* _TASK INSTRUCTIONS_: Give back each line of the data exactly as it reads, minus the pictures.

* _DATA SHOWN_:
****************************************

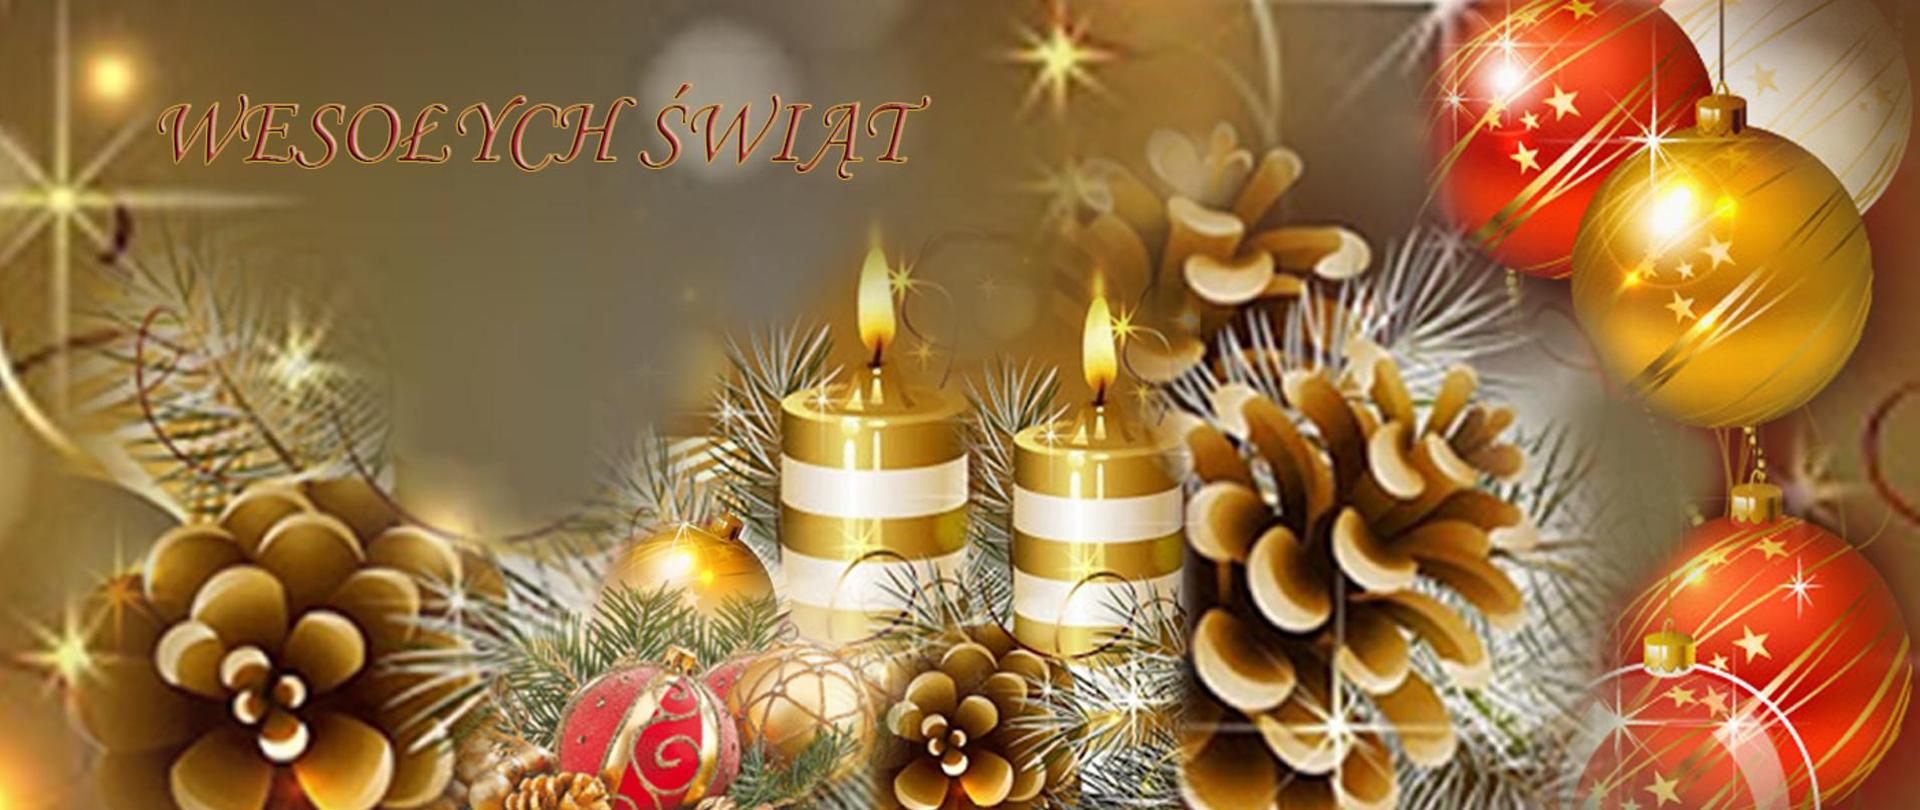 Wesołych Świąt – kompozycja świąteczna: świece, bombki, gałązki świerku, szyszki – przeważa kolor złoty
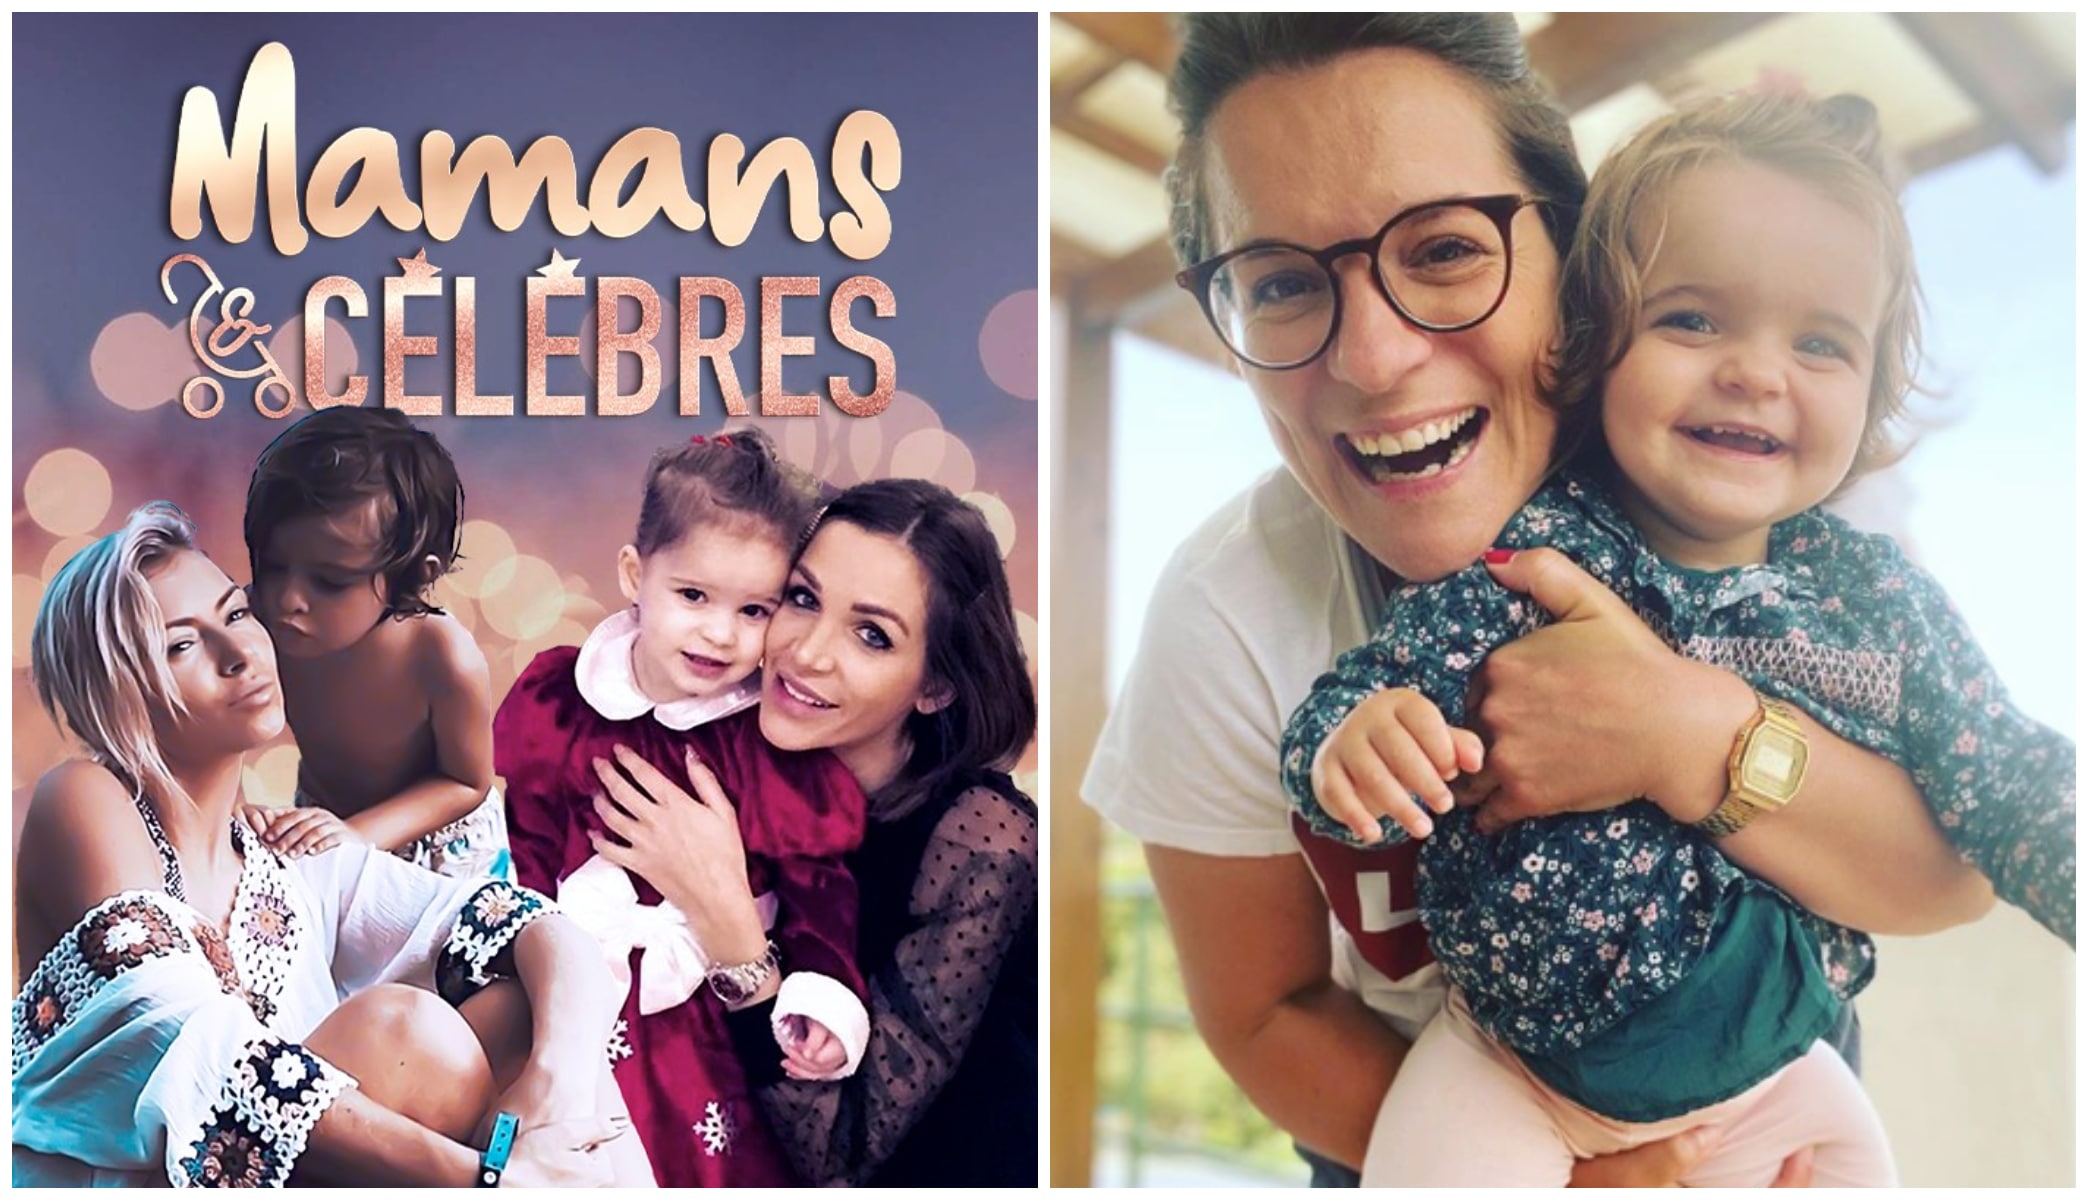 Mamans & Célèbres 3 : une candidate emblématique de télé-réalité rejoindrait le casting !
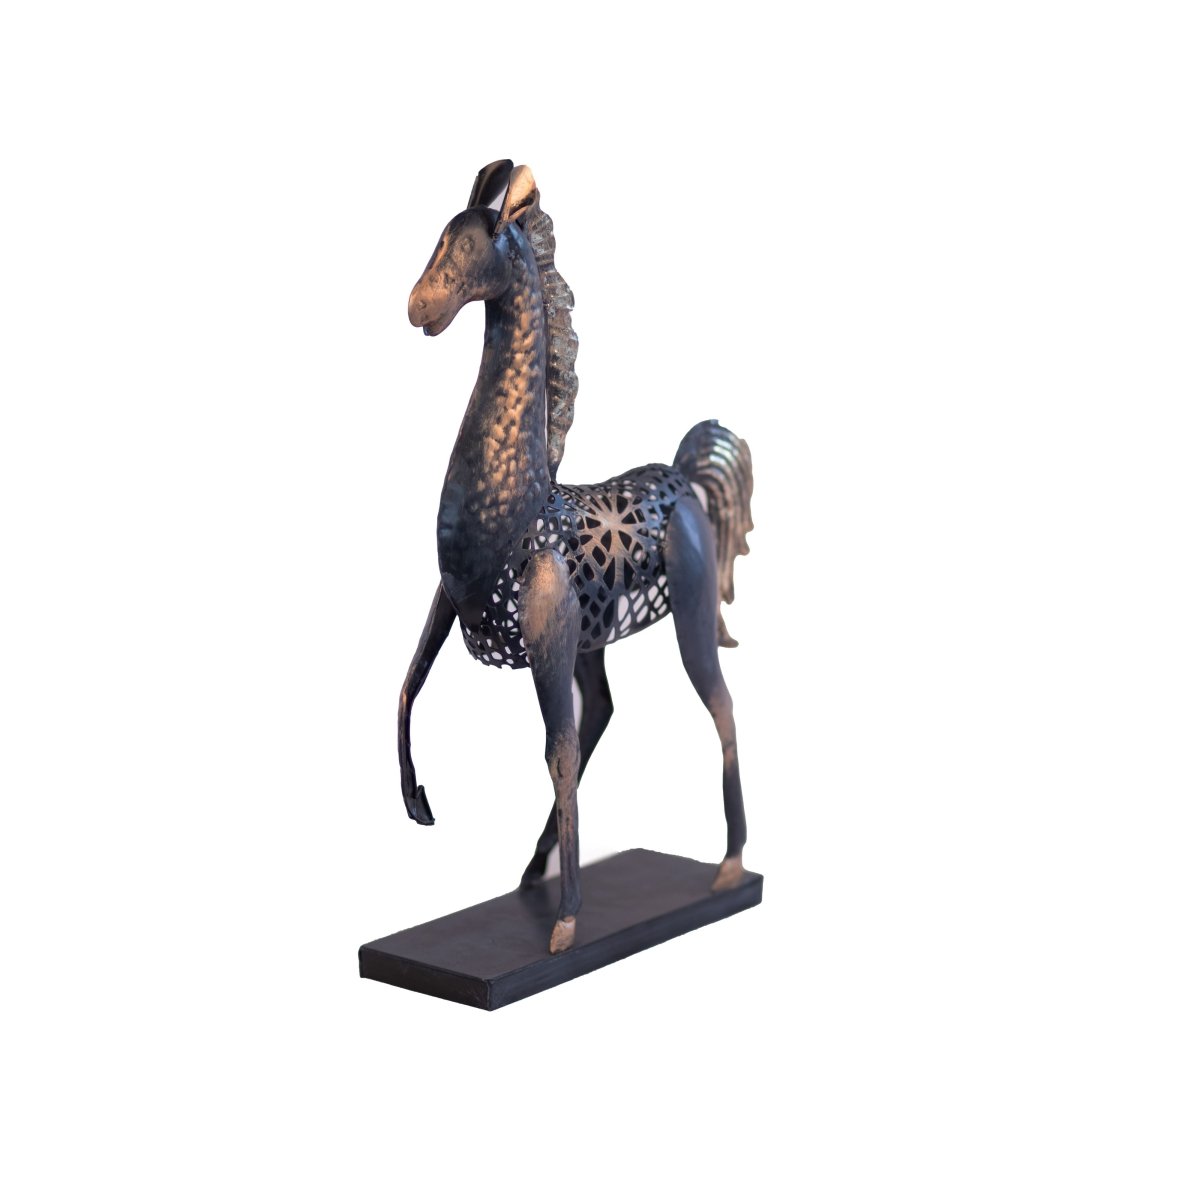 Kezevel Metal Horse Table Decor - Handcrafted Horse Figurine Antique Black Golden Horse Showpieces for Home Decor, Table Statue, Size 30.5X10.2X47 CM - Kezevel
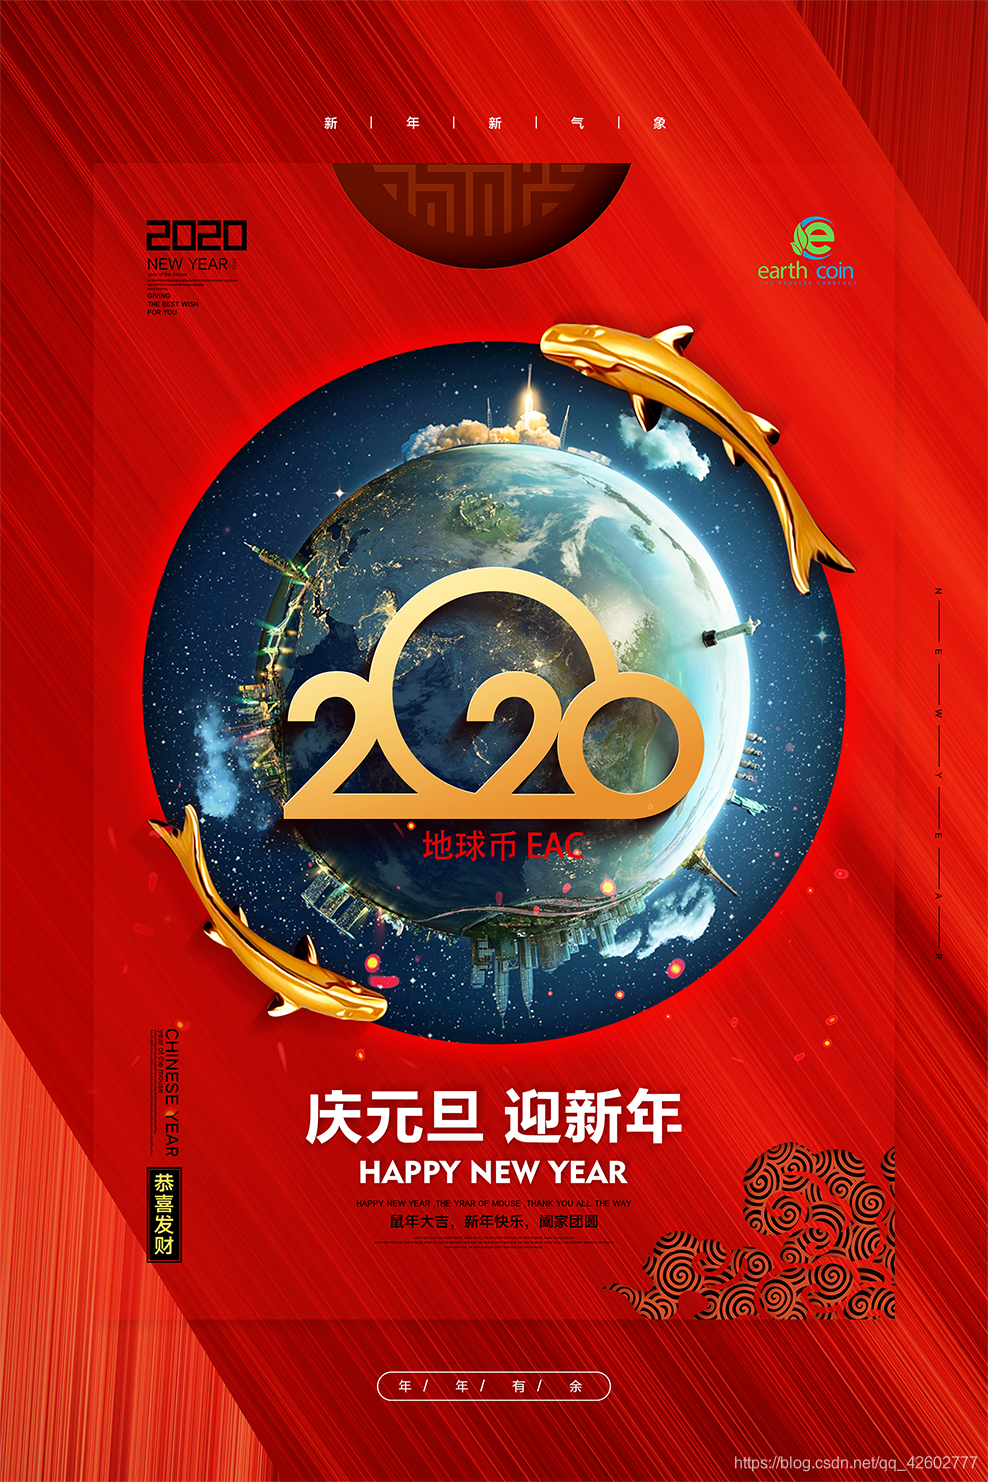 地球币202001

****************************************

* _ANSWER BOX_:
 Wesołych Świąt – kompozycja świąteczna: świece, bombki, gałązki świerku, szyszki – przeważa kolor złoty
 Mamans & Célèbres 3 : une candidate emblématique de télé-réalité rejoindrait le casting !
 Kezevel Metal Horse Table Decor - Handcrafted Horse Figurine Antique Black Golden Horse Showpieces for Home Decor, Table Statue, Size 30.5X10.2X47 CM - Kezevel
 地球币202001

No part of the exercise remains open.